An exciting first step

January 25, 2017 | Focus On Education | Volume 21 Issue 3
Jill Wiens | Rosthern Junior College

I live in one of the most beautiful places on the Prairies. The Shekinah Retreat Centre is situated in the North Saskatchewan River Valley. Northeast of my house, a deep ravine funnels a beaver-filled creek into the wide river below. God’s presence is ubiquitous here, a place that has been significant to my development since I attended summer camp at Shekinah when I was 7.

Although I’m now in my first year of teaching at Rosthern (Sask.) Junior College (RJC), I initially began working with children and youth at Shekinah as a camp counsellor. As a kid, camp was my home away from home. I had a place in God’s magnificent river valley and in the community created there weekly. As I grew, I found that camp was a place where I felt capable: of building a fire, steering a canoe, navigating the trails and, eventually, sharing my faith.

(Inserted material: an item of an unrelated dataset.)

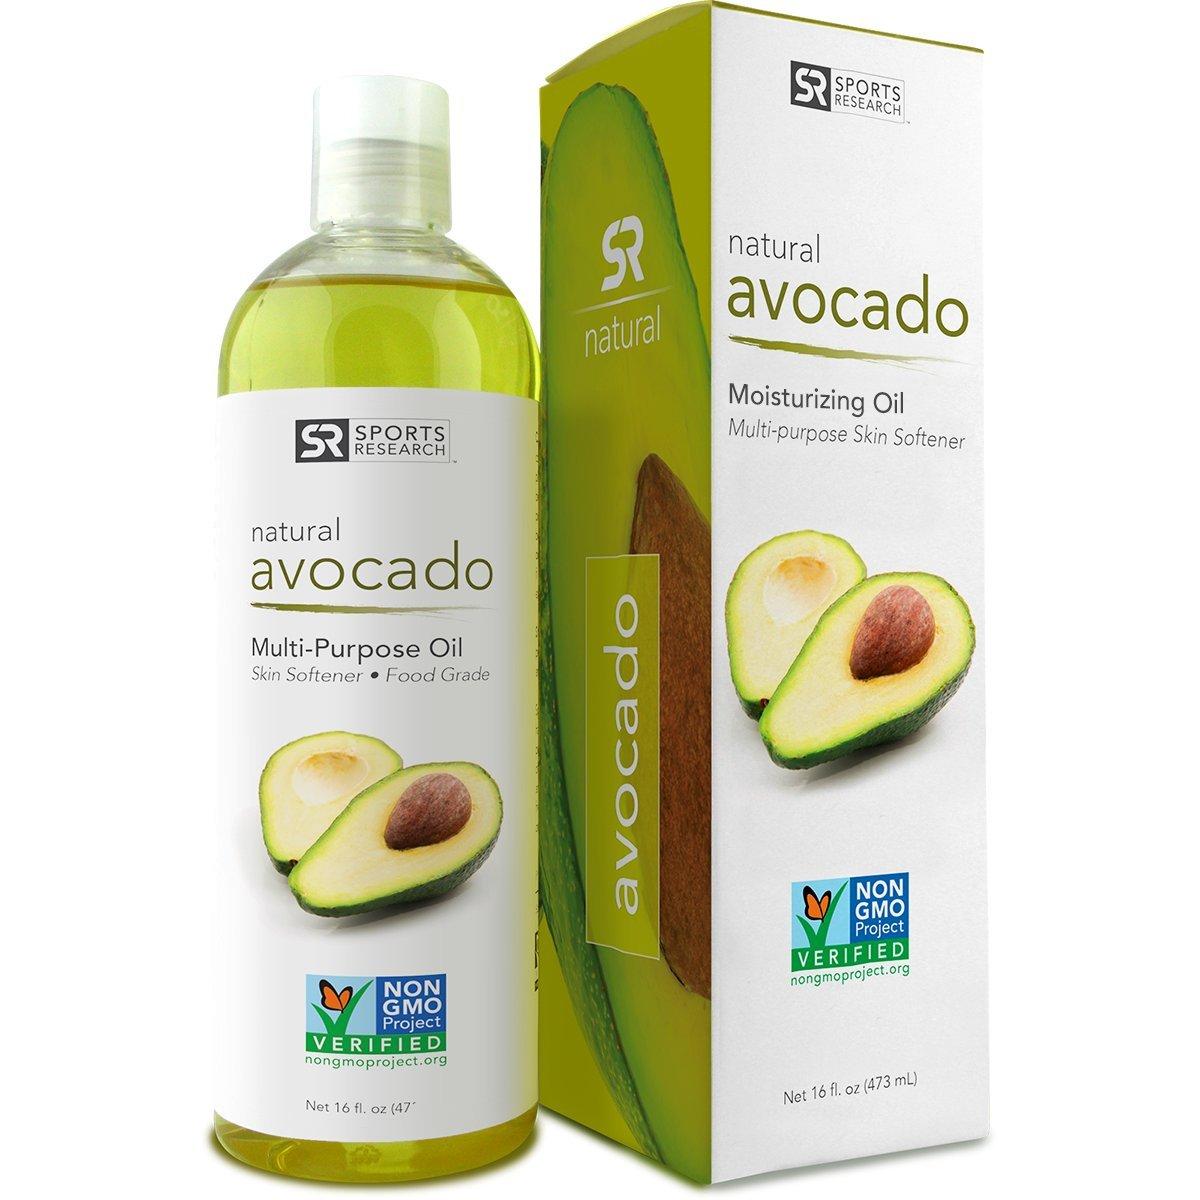 Pure Avocado Oil (16oz). 100% Natural, Food Grade and Non-GMO Verified. UV Resistant BPA free bottle - 100% Satisfaction Guarantee

At camp, experience was a powerful teaching tool, and as a counsellor I delighted in facilitating that kind of learning. I saw how important it was for kids to feel safe before meaningful relationship building and learning could occur. I saw that with security they could push themselves to overcome fears to climb walls, paddle the river, speak in front of their peers or even to sleep away from home for the first time. I also saw genuine inquiry into their surrounding environment and the God who made it.

I decided to pursue an education degree in the hopes of somehow replicating parts of this learning environment in a school setting. However, school is not camp. Grades, homework, deadlines and classrooms can make the process of learning thoroughly unenjoyable. The navigation of peer groups, and the expectation that one learns in the same way and at the same pace as the rest, can leave little enthusiasm for inquiry.

Christian education has a response to this. It is an approach in which people are children of God first, students in a classroom second. At RJC, community is more important than curriculum. I am privileged to work where a safe learning environment is as important as the learning that will occur there, and where conversation about a better approach to education is not just talk.

This year, a new Grade 10 program is integrating learning across disciplines and encouraging inquiry. It is an exciting first step towards a place where all can feel capable of genuine learning and discovery.